Nos Estados Unidos, no entanto, ao contrário do ocorrido na Inglaterra e na França, foi o Poder Judiciário, e não o Legislativo, que definiu, com exclusividade, o princípio da conspiração. Aplicada às organizações de trabalhadores, ela afirmava que a negociação coletiva do trabalho, em contraposição à individual, representava uma conspiração contra a operação natural do mercado, por elevar artificialmente os salários e destruir a competitividade econômica. Ou, no dizer de um economista do período, “A sociedade é uma vasta colméia de compradores e vendedores, e todo homem traz algo para o mercado e leva algo consigo. Eu faço algo por você, você faz algo por mim, esta é a lei fundamental da sociedade”.

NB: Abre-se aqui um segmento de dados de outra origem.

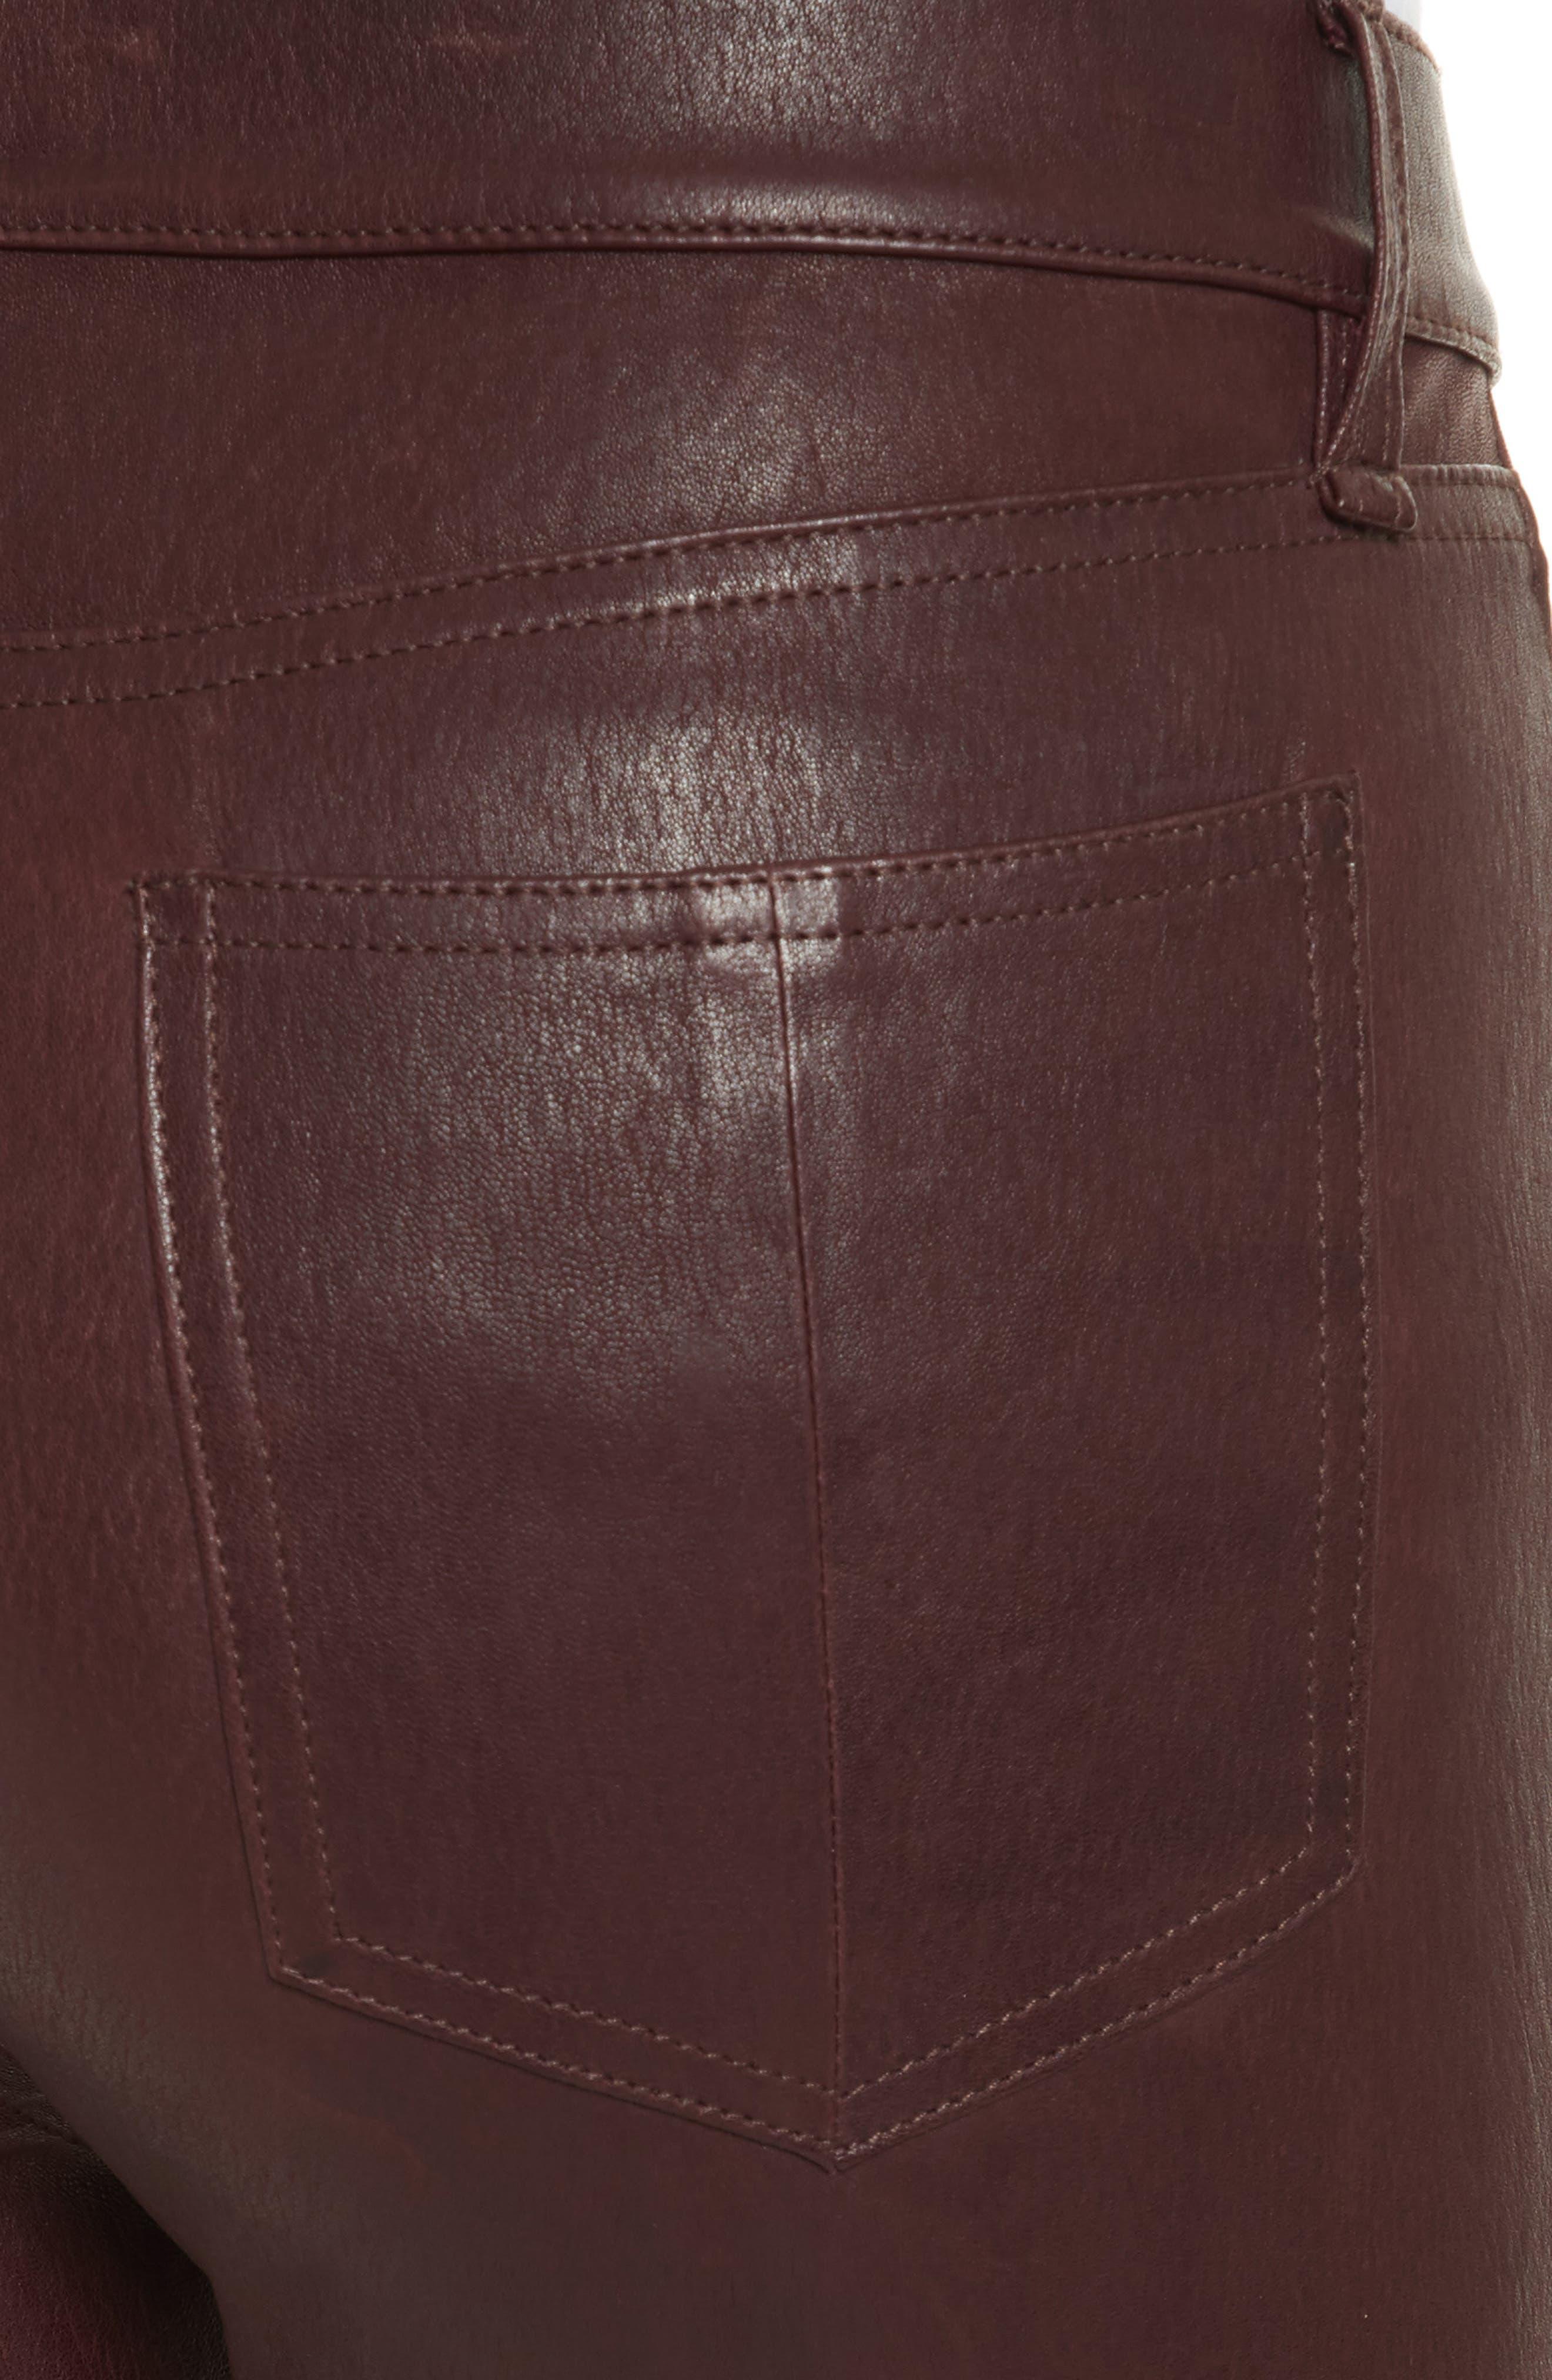 Lambskin Leather Pants,                             Alternate thumbnail 4, color,                             230

Essa característica de detentor, em seu aspecto formal, do máximo grau de “enforcement” tende a identificar o Judiciário com o caráter repressor do Estado. A circunstância de ser ele o último elemento da jurisdição civil no exercício do monopólio da violência legal, no entanto, não exclui as possibilidades de que suas ações possam não apenas ocorrer na imposição da ordem sobre as camadas subalternas, mas também espraiar-se para outras áreas e dimensões da sociedade capitalista, inclusive contrários aos interesses dos empregadores e do próprio Estado.

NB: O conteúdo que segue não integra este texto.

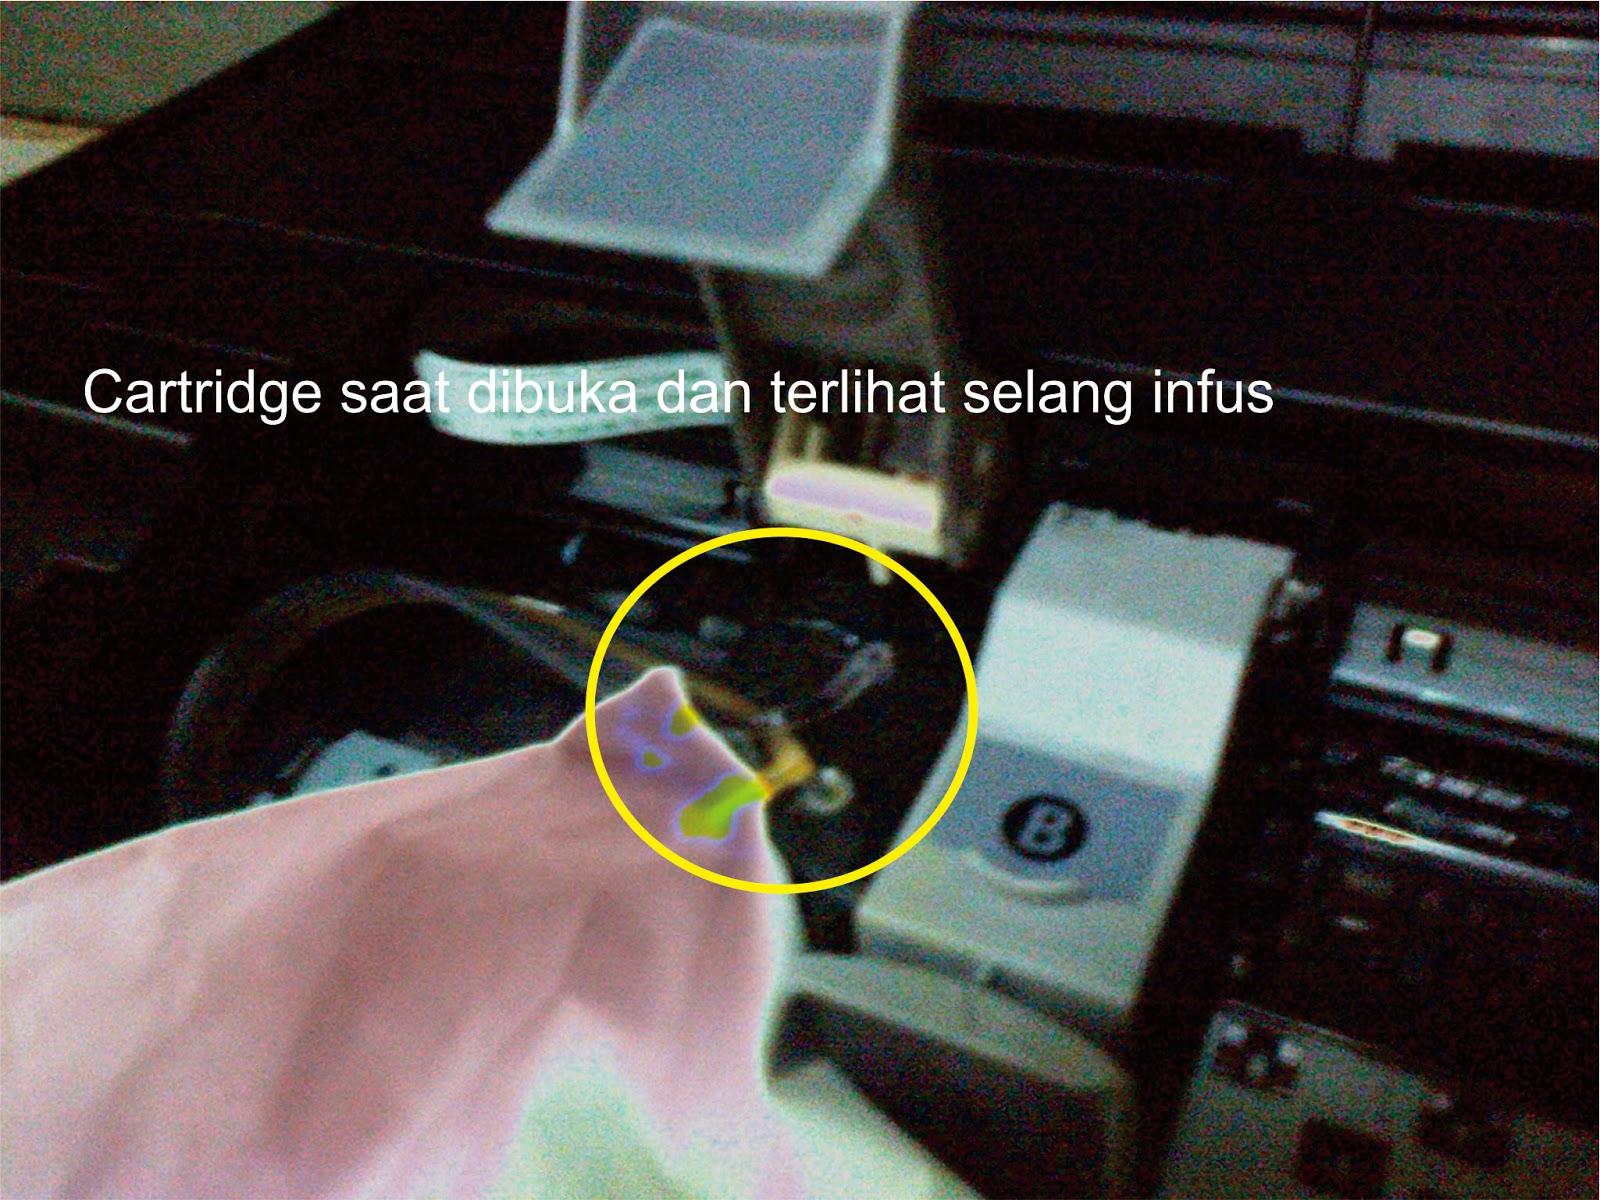 Harga Cartridge Canon ip2770 · Lampu indikator printer berkedip saat ...

A experiência brasileira, no que pertine ao mercado de trabalho e à Justiça do Trabalho, mostra clara inflexão do tratamento dado ao trabalho a partir da regulação pública dos anos 30 e particularmente das funções assumidas por uma organização que, nascendo do Poder Executivo, tornou-se membro relevante do Poder Judiciário. Dois pilares dessa regulação serão constantemente revisitados nesse trabalho: 1) a eleição do trabalho como um problema nacional e não local, retirando o trabalho subordinado e urbano da influência do poder político local e da própria Justiça Estadual; 2) e o expresso reconhecimento da assimetria entre capital e trabalho, com a perspectiva de

promoção desse último com a ampliação da hoje chamada relação salarial, ao menos do ponto de vista individual.

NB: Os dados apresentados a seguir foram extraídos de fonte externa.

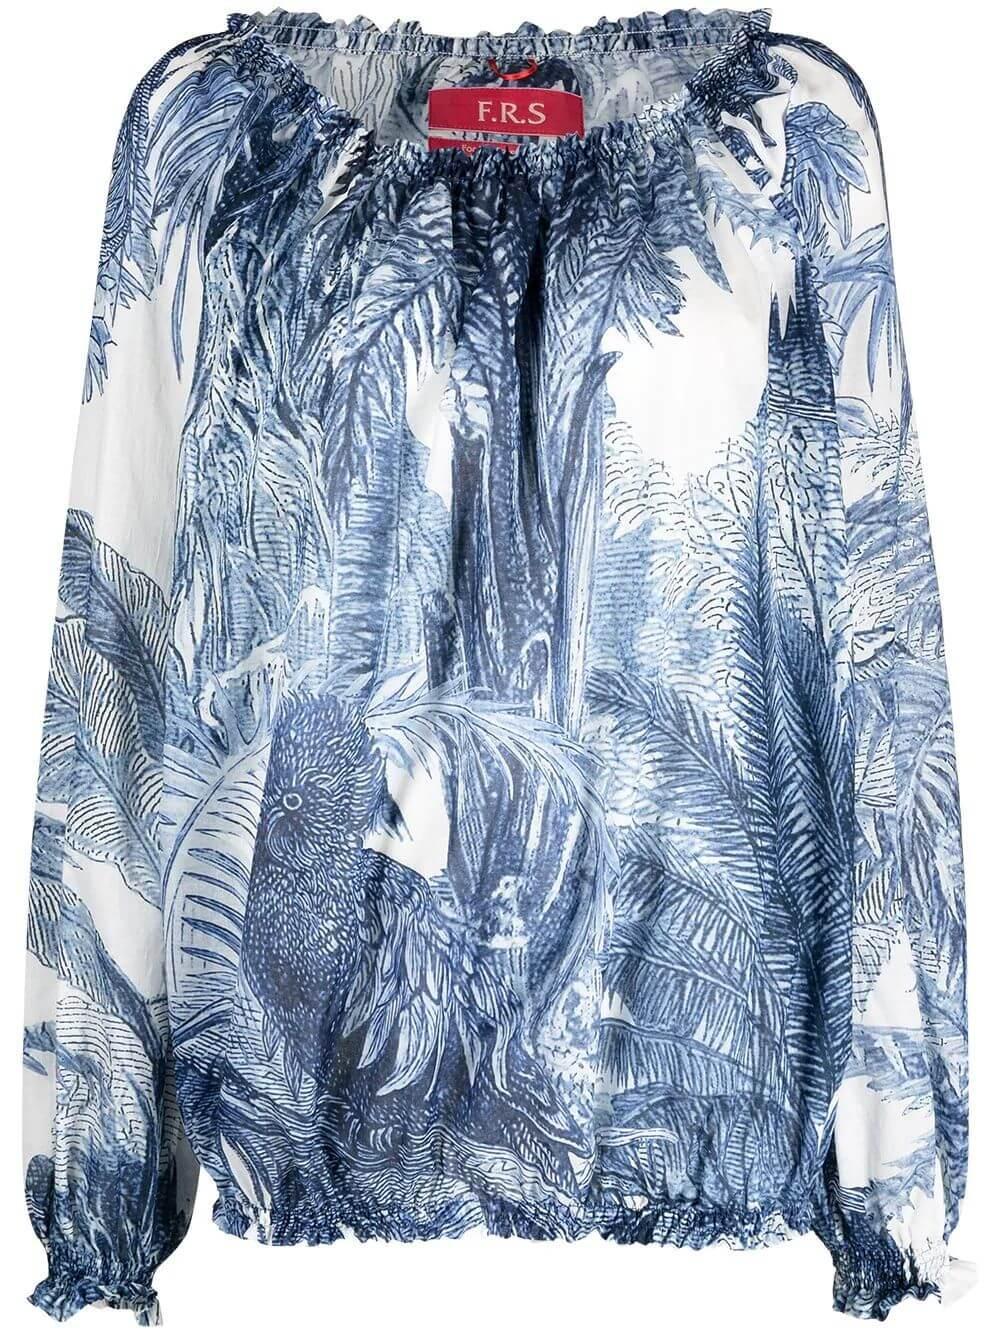 Foliage Printed Cotton Top

Esse é um ponto relevante para compreender a inserção do Judiciário brasileiro como um elemento do sistema de relações do trabalho, dado que um aspecto fundamental da organização dos sindicatos permaneceu sob as hostes da Justiça Estadual: as discussões acerca das suas receitas e as disputas da representação sindical, ao menos até a promulgação da emenda constitucional 45/2004. Por outro lado, tomaram caráter nacional a instituição da Justiça do Trabalho e a assunção pela União do monopólio legiferante sobre direito do trabalho e mercado de trabalho.

O novo marco regulatório supera parcialmente o caráter regional dos mercados, inclusive do mercado de trabalho, criando condições de operacionalidade em âmbito nacional, ainda que mantida na legislação federal a regionalização do salário mínimo. De todo modo, superou-se a possibilidade de imposições de barreiras regionais à livre circulação de mão-de-obra e ao tratamento desigual do trabalho pelas unidades políticas regionais.